Task requirements →
Could the data below be printed out exactly, with the pictures left out?

Data shown →
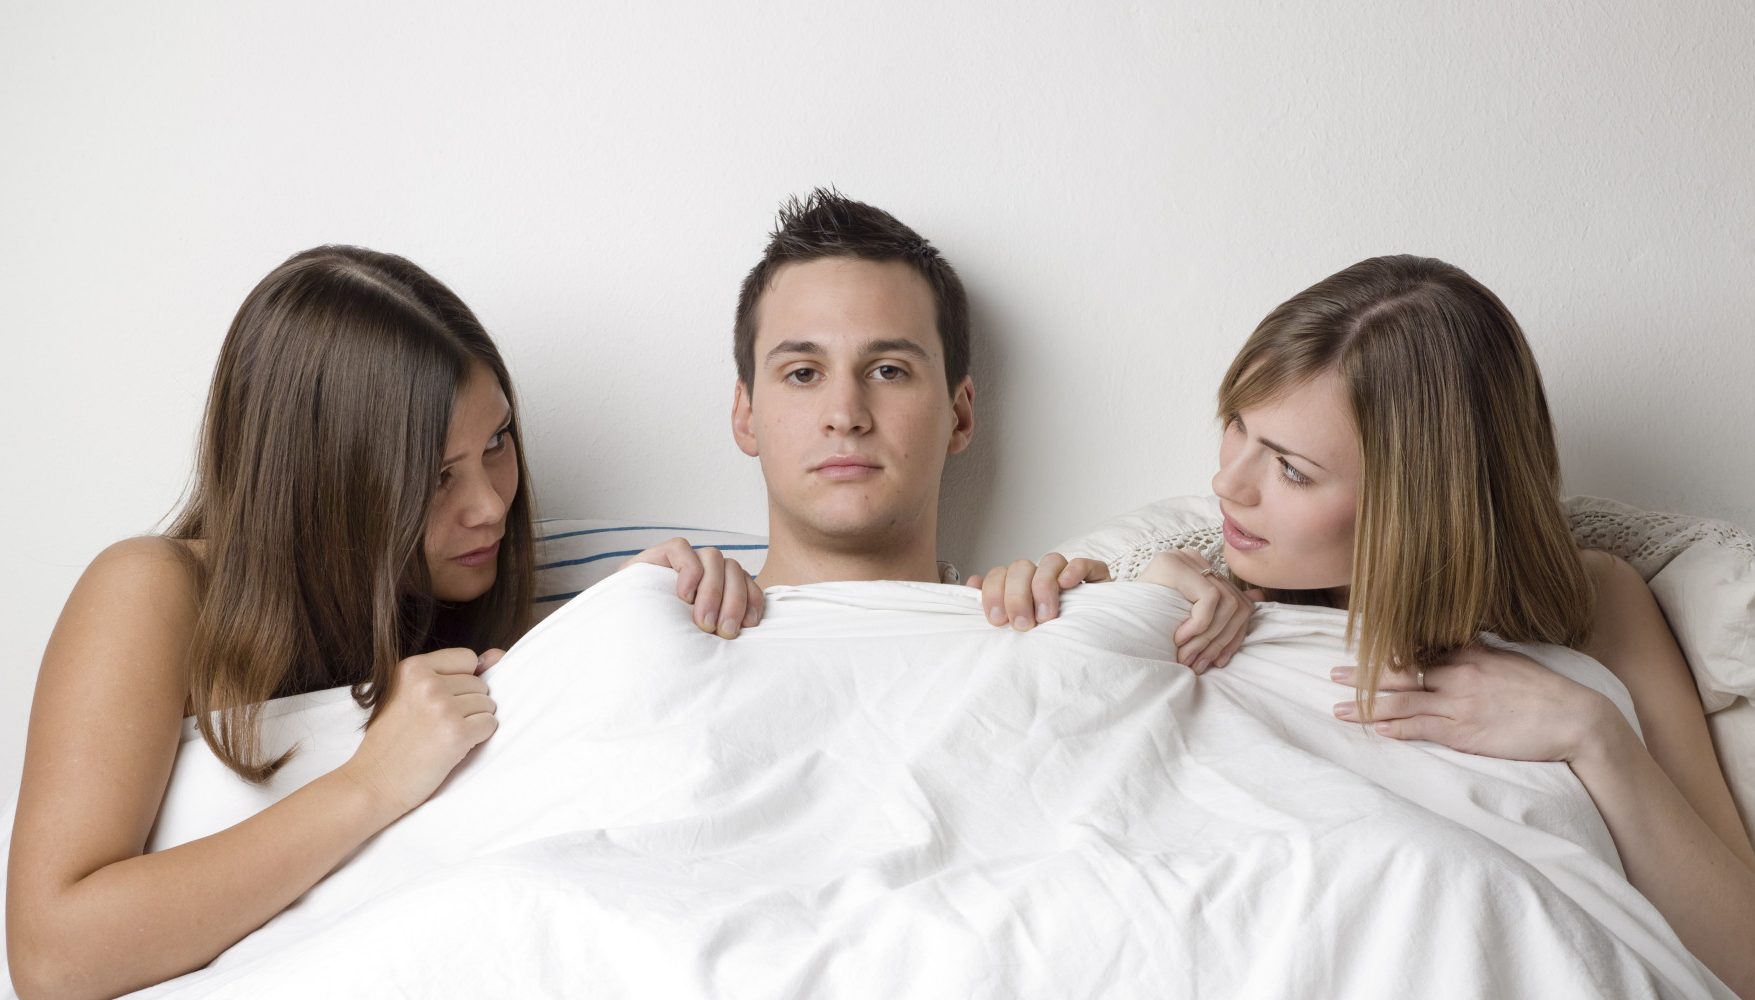 Две девушки и один парень решили устроить в спальне анальный секс втроем
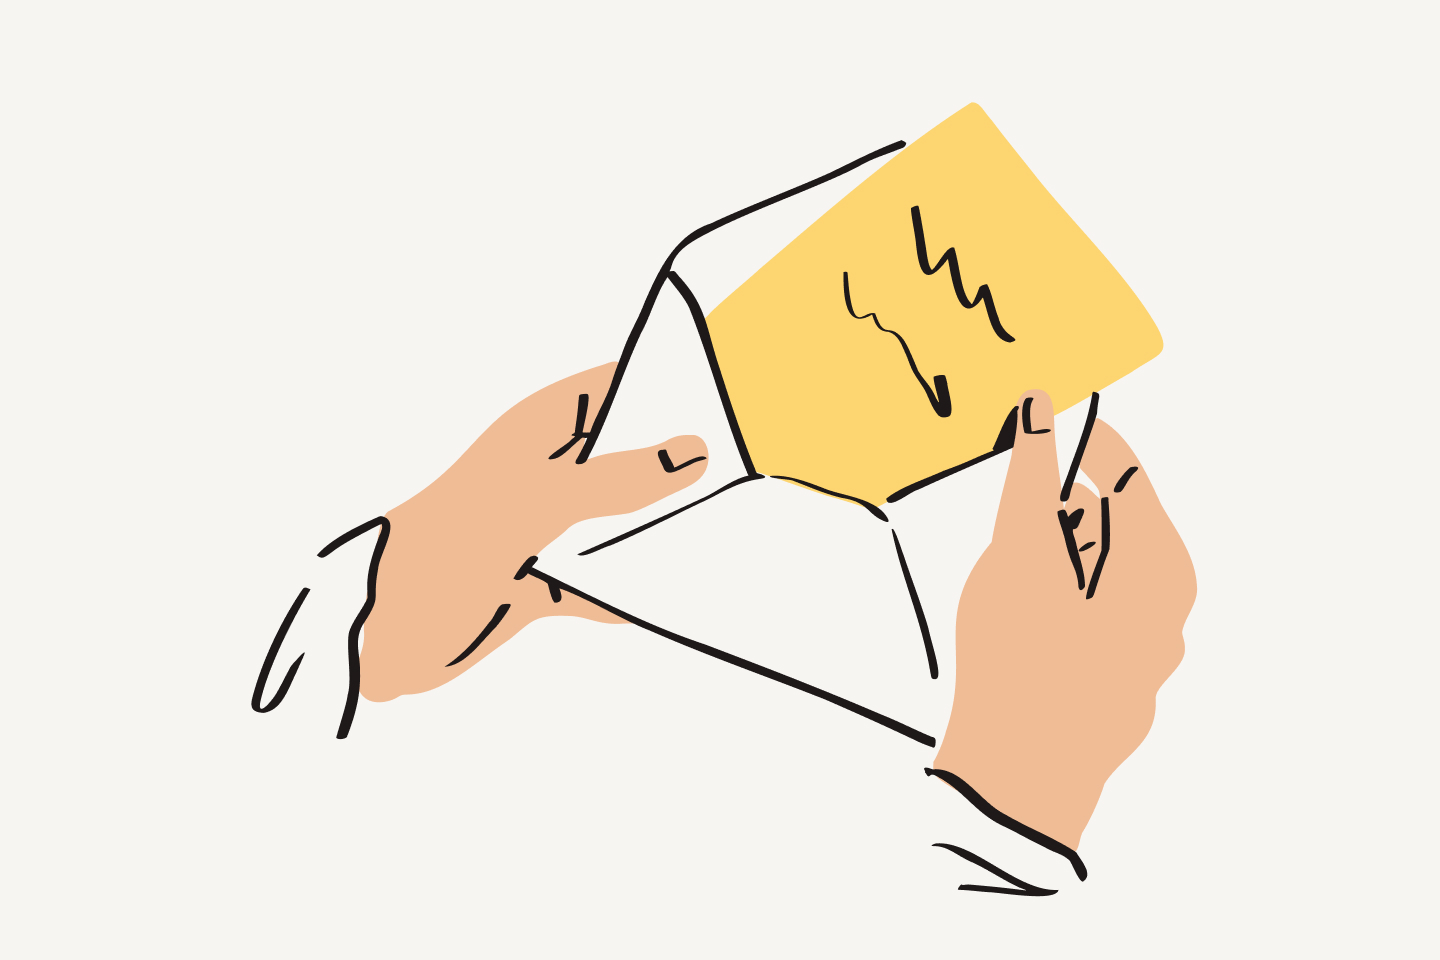 文字が書かれた黄色い紙を封筒から取り出している人物
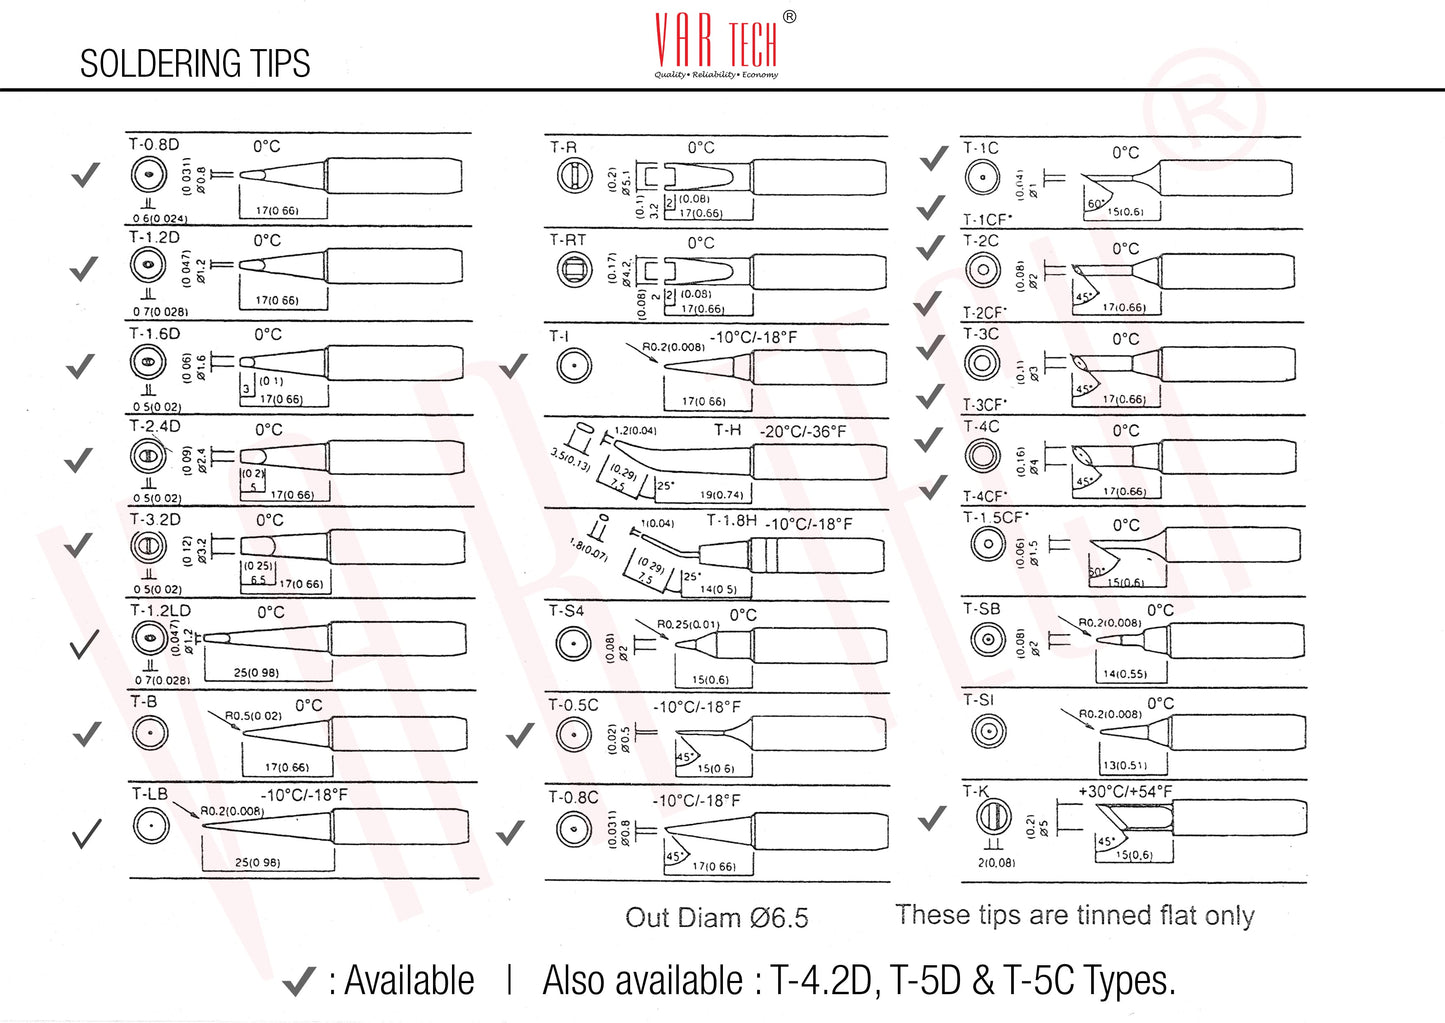 Soldering station bits - Pack of 1 (T-C Series, Chisel Tip) 0.5 C, 0.8C, 1C, 2C, 3C, 4C, 5C
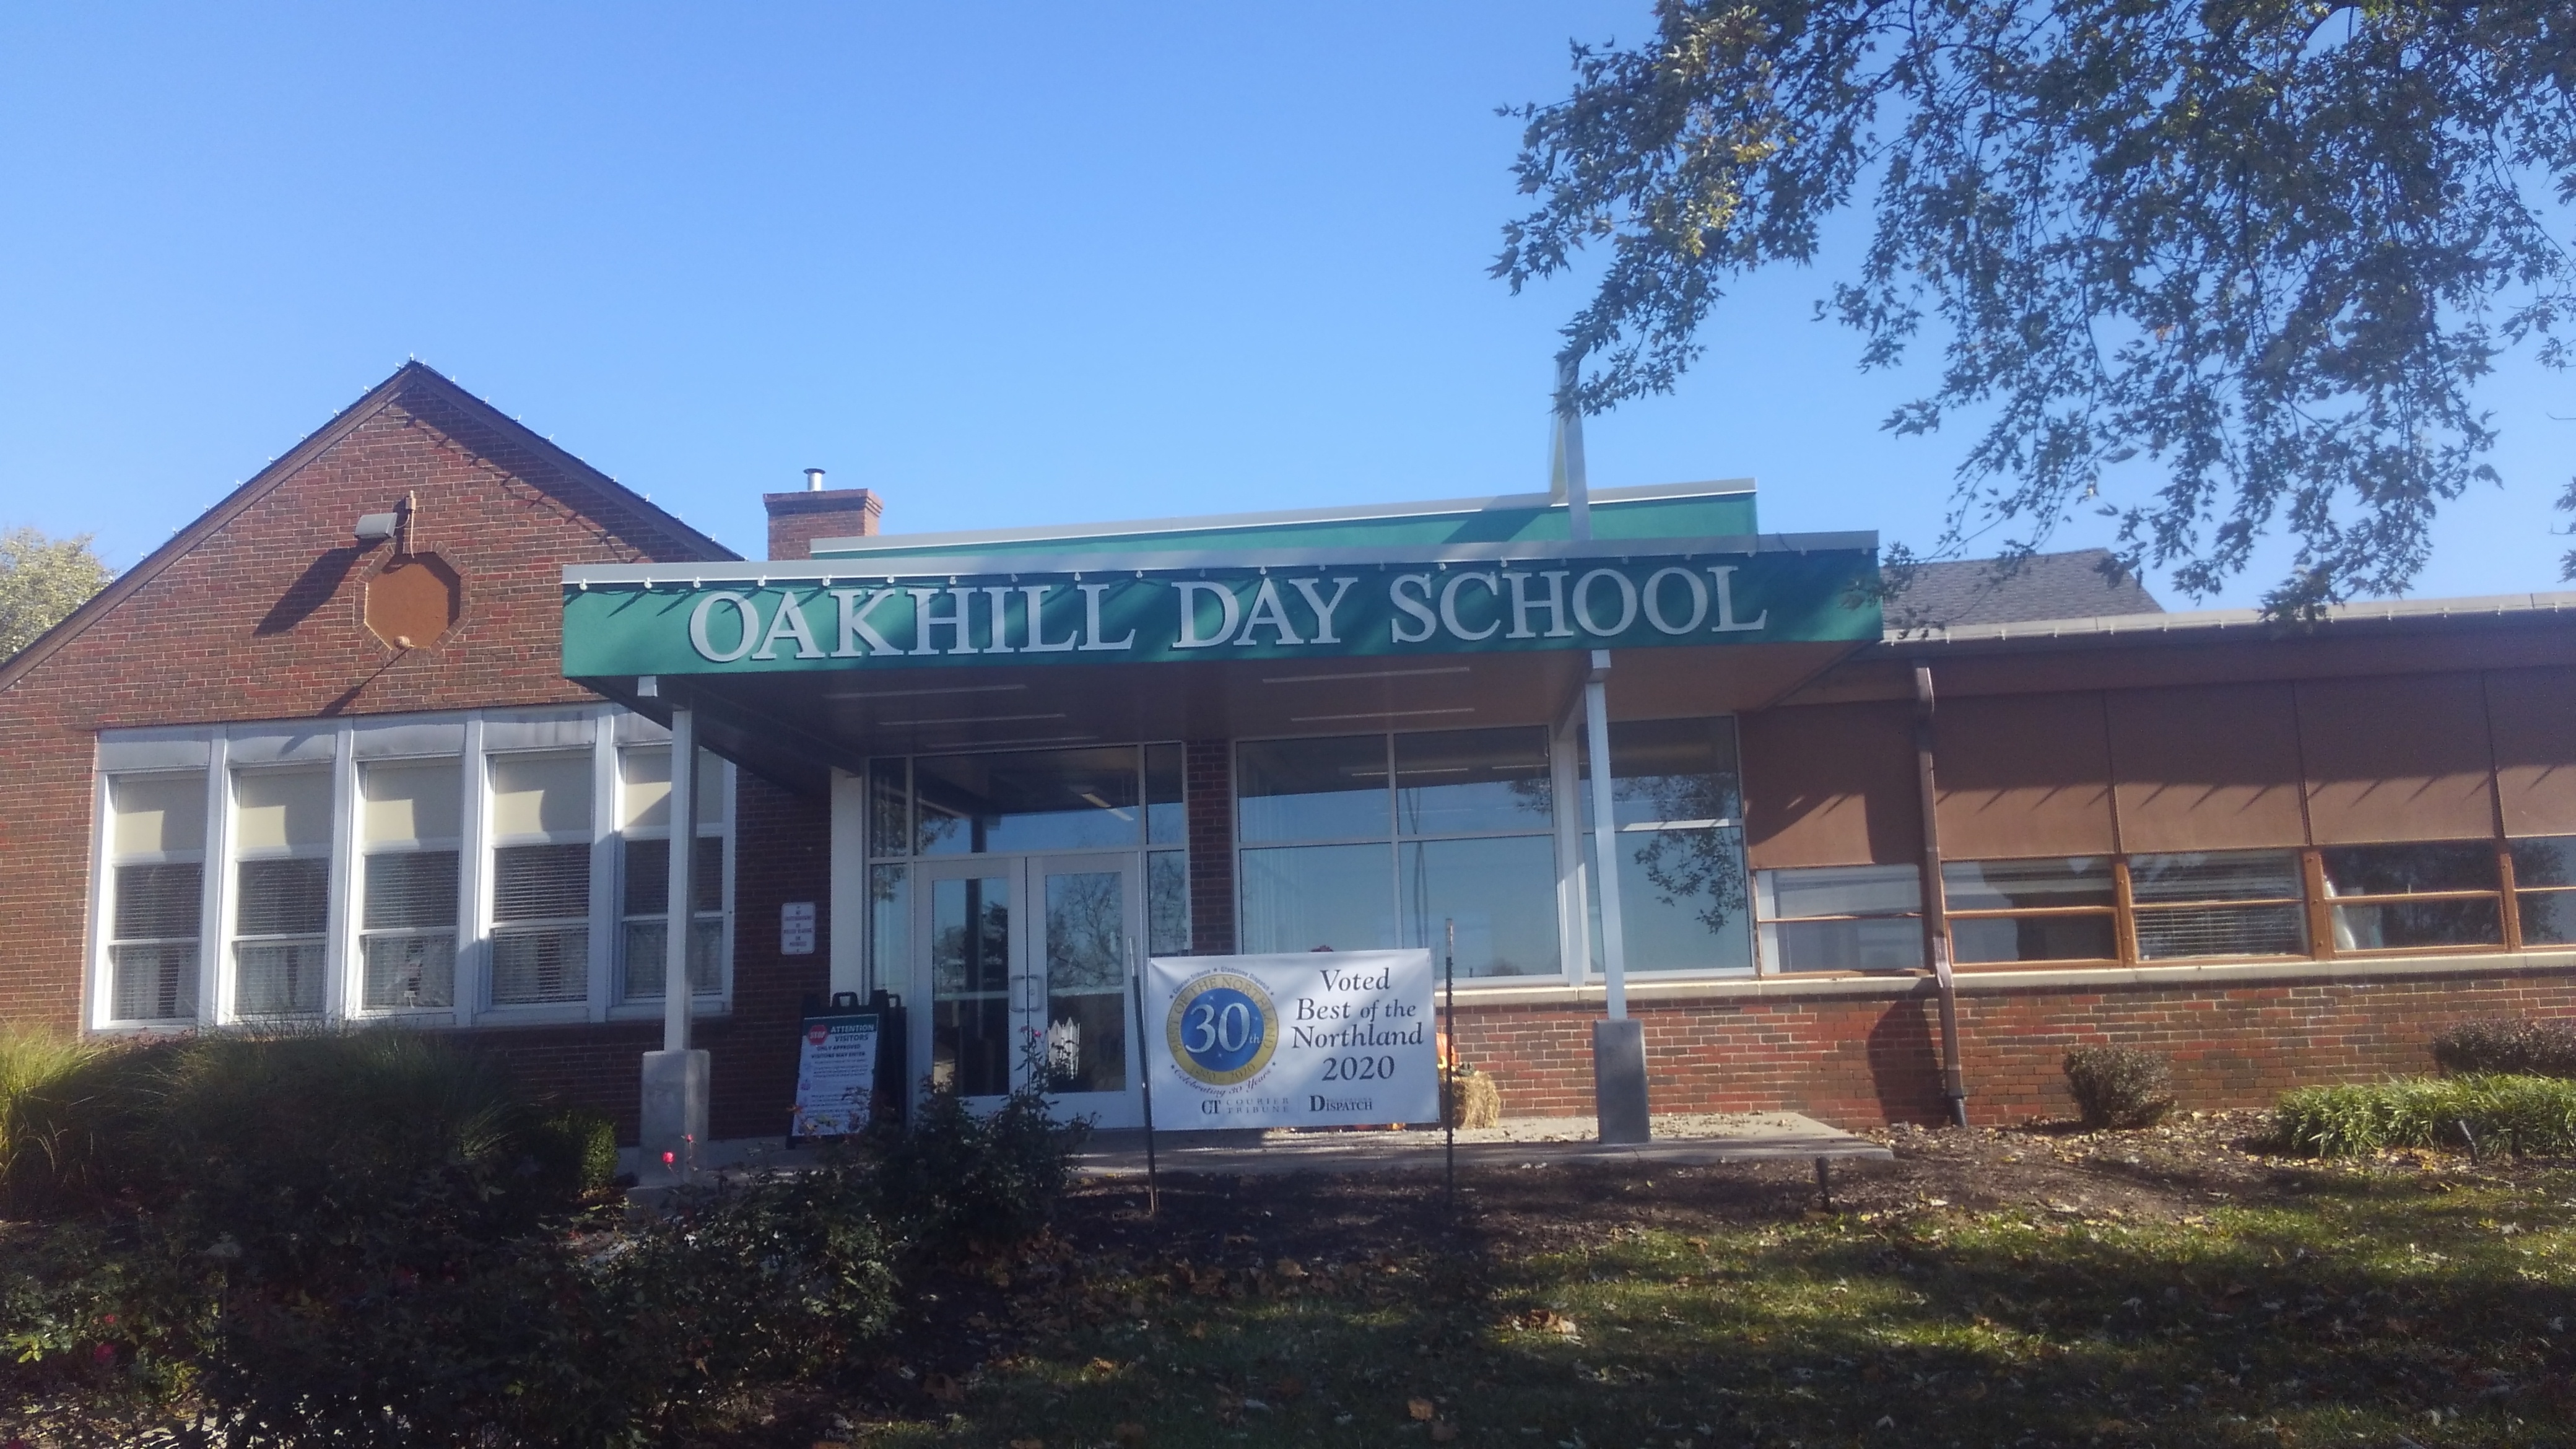 Oakhill Day School

Expected answer →
 Две девушки и один парень решили устроить в спальне анальный секс втроем
 文字が書かれた黄色い紙を封筒から取り出している人物
 Soldering station bits - Pack of 1 (T-C Series, Chisel Tip) 0.5 C, 0.8C, 1C, 2C, 3C, 4C, 5C
 Oakhill Day School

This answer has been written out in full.